- [Material provided]
[Start of section]

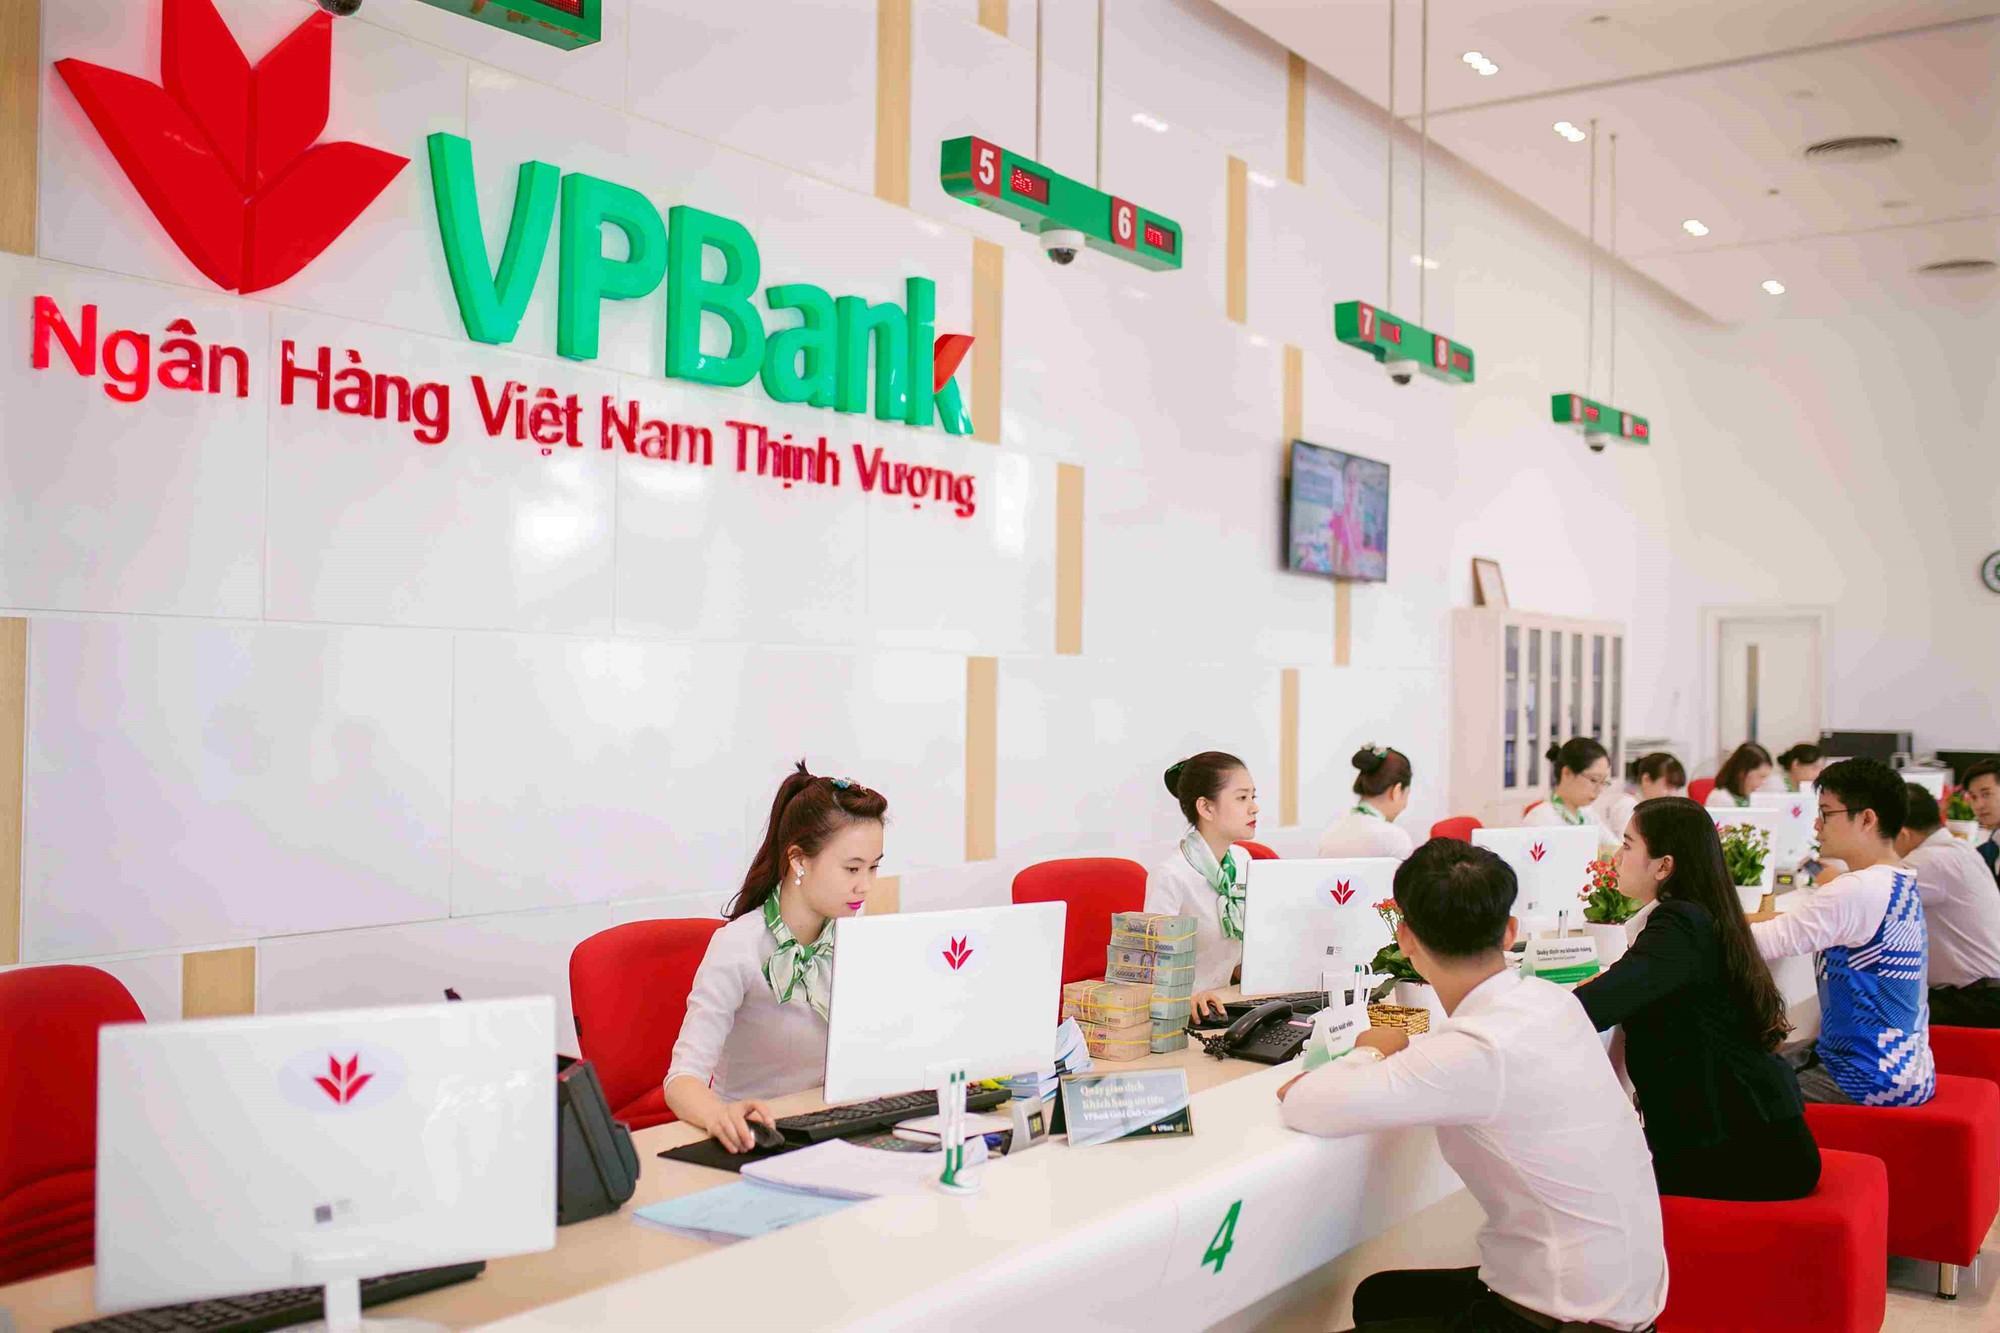 Giờ làm việc ngân hàng VPBank năm 2021 tại các chi nhánh toàn quốc - Ảnh 1.
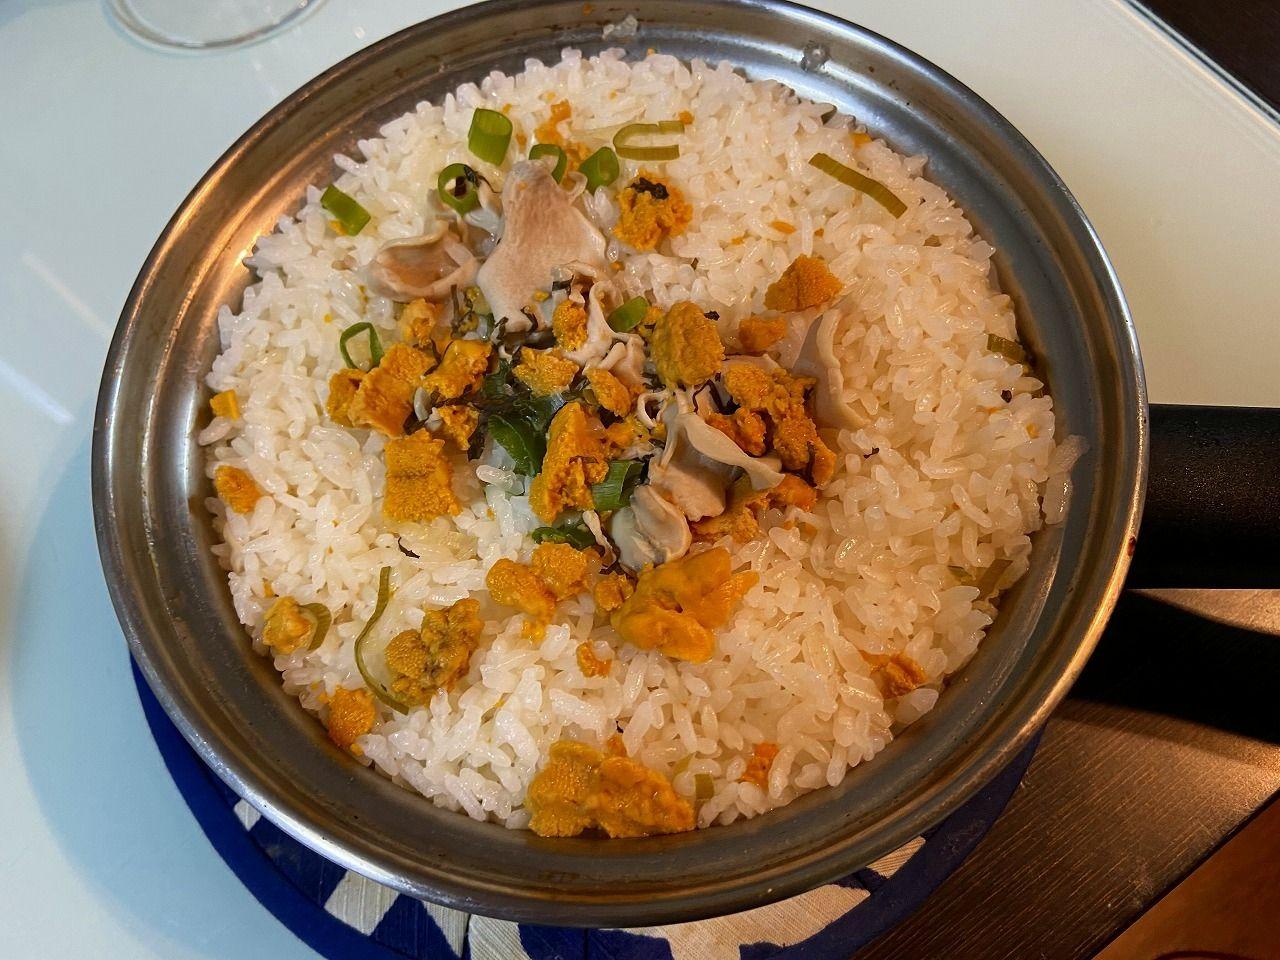 八戸周辺のウニとアワビといった海の恵みを豪快に盛って浜辺で食べた煮付け料理をルーツに持つ「いちご煮」の缶詰を使った炊き込みご飯
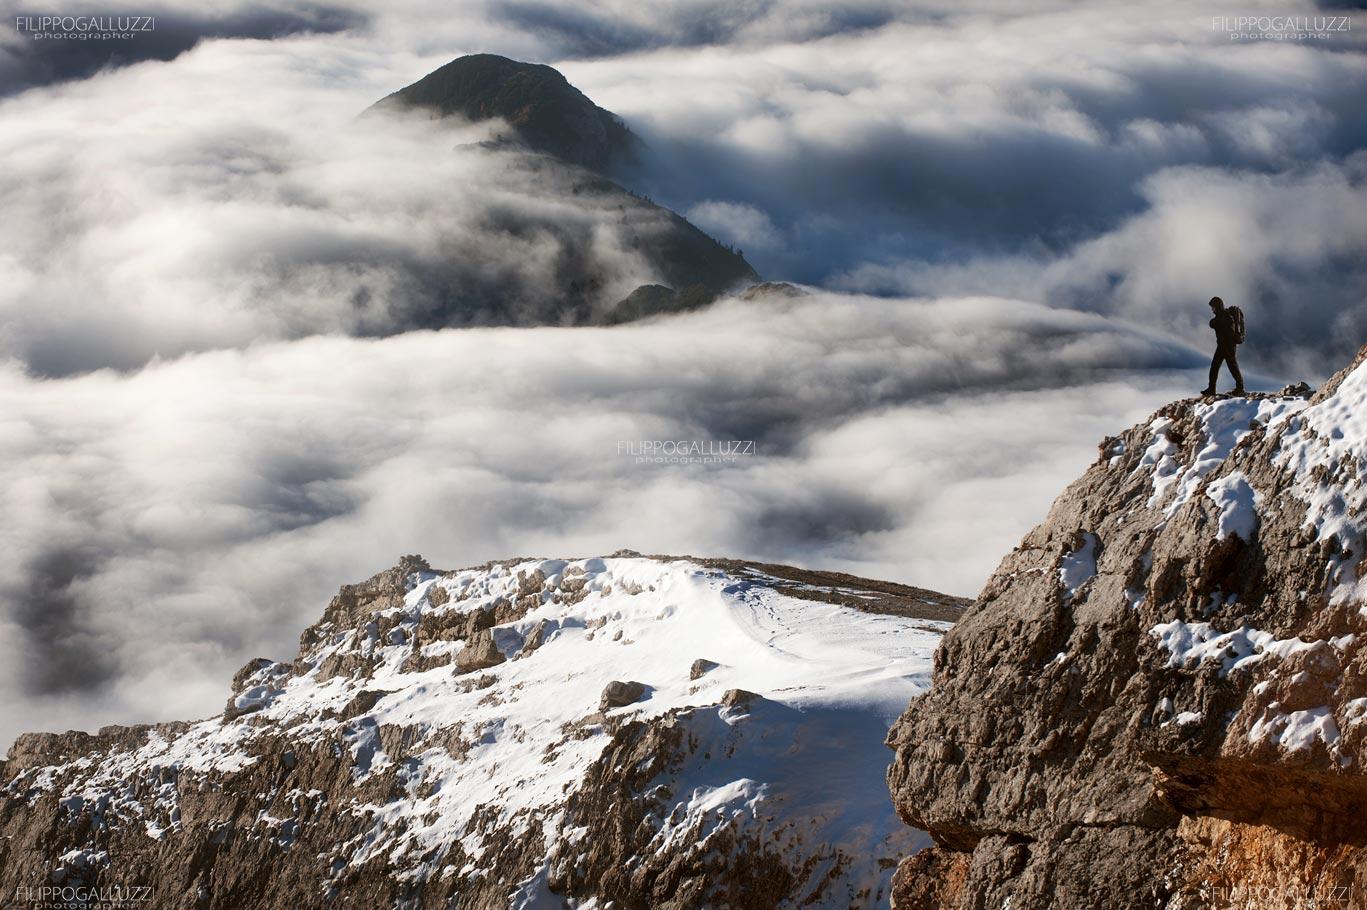 Dolomiti, Alta Pusteria, Sudtirol
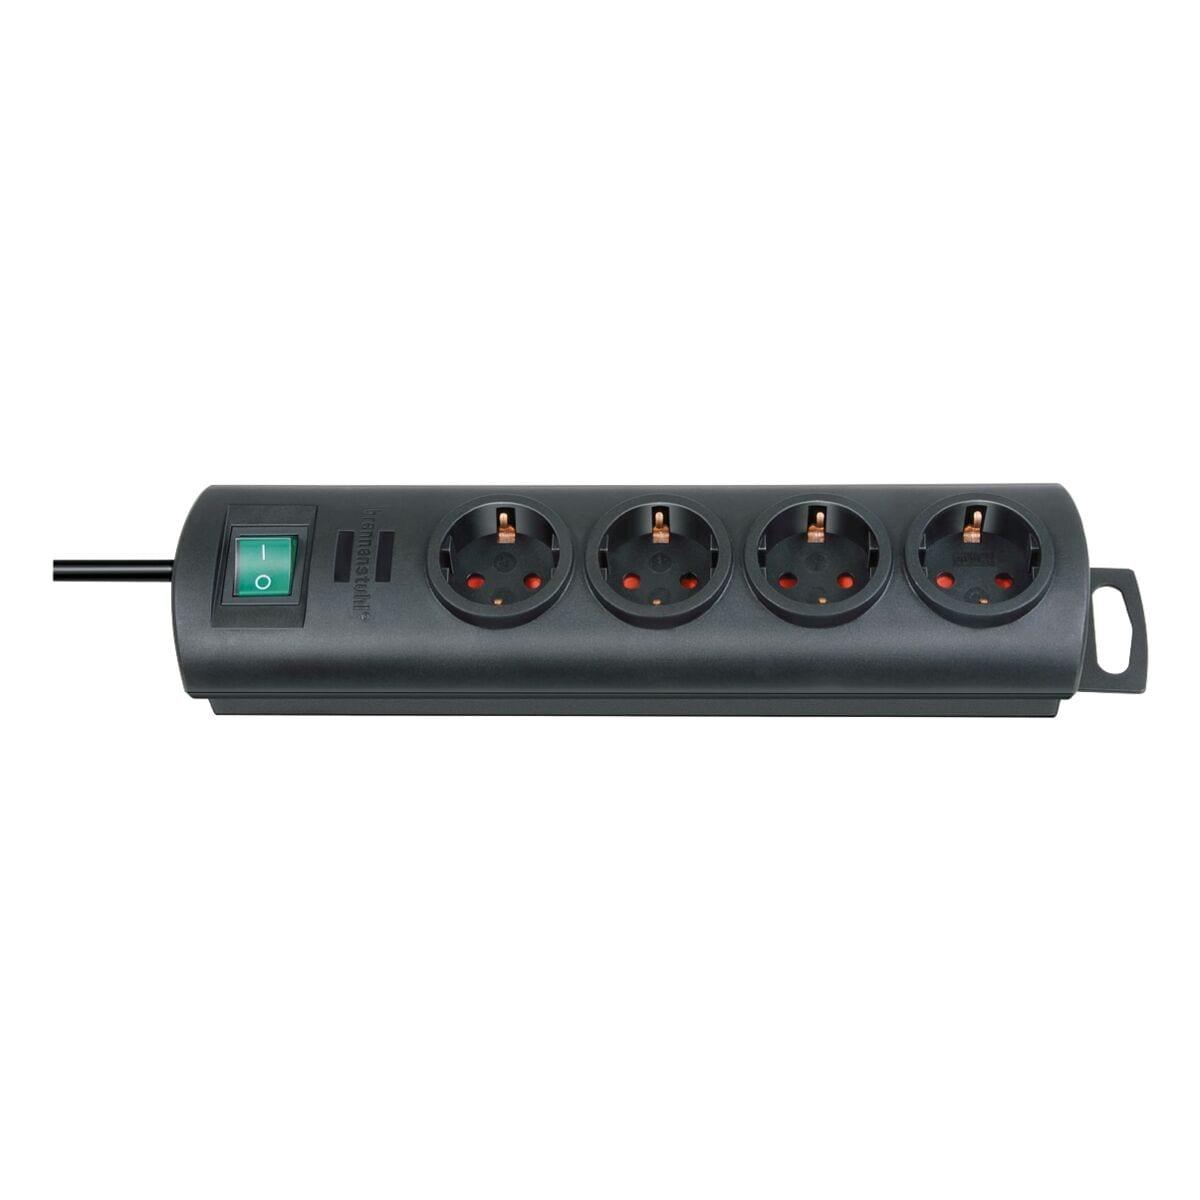 4-fach Steckdosenleiste Brennenstuhl Primera-Line mit Schalter, schwarz

[End of section]

Copy the listing above exactly, minus the pictures.

 Giờ làm việc ngân hàng VPBank năm 2021 tại các chi nhánh toàn quốc - Ảnh 1.
 八戸周辺のウニとアワビといった海の恵みを豪快に盛って浜辺で食べた煮付け料理をルーツに持つ「いちご煮」の缶詰を使った炊き込みご飯
 Dolomiti, Alta Pusteria, Sudtirol
 4-fach Steckdosenleiste Brennenstuhl Primera-Line mit Schalter, schwarz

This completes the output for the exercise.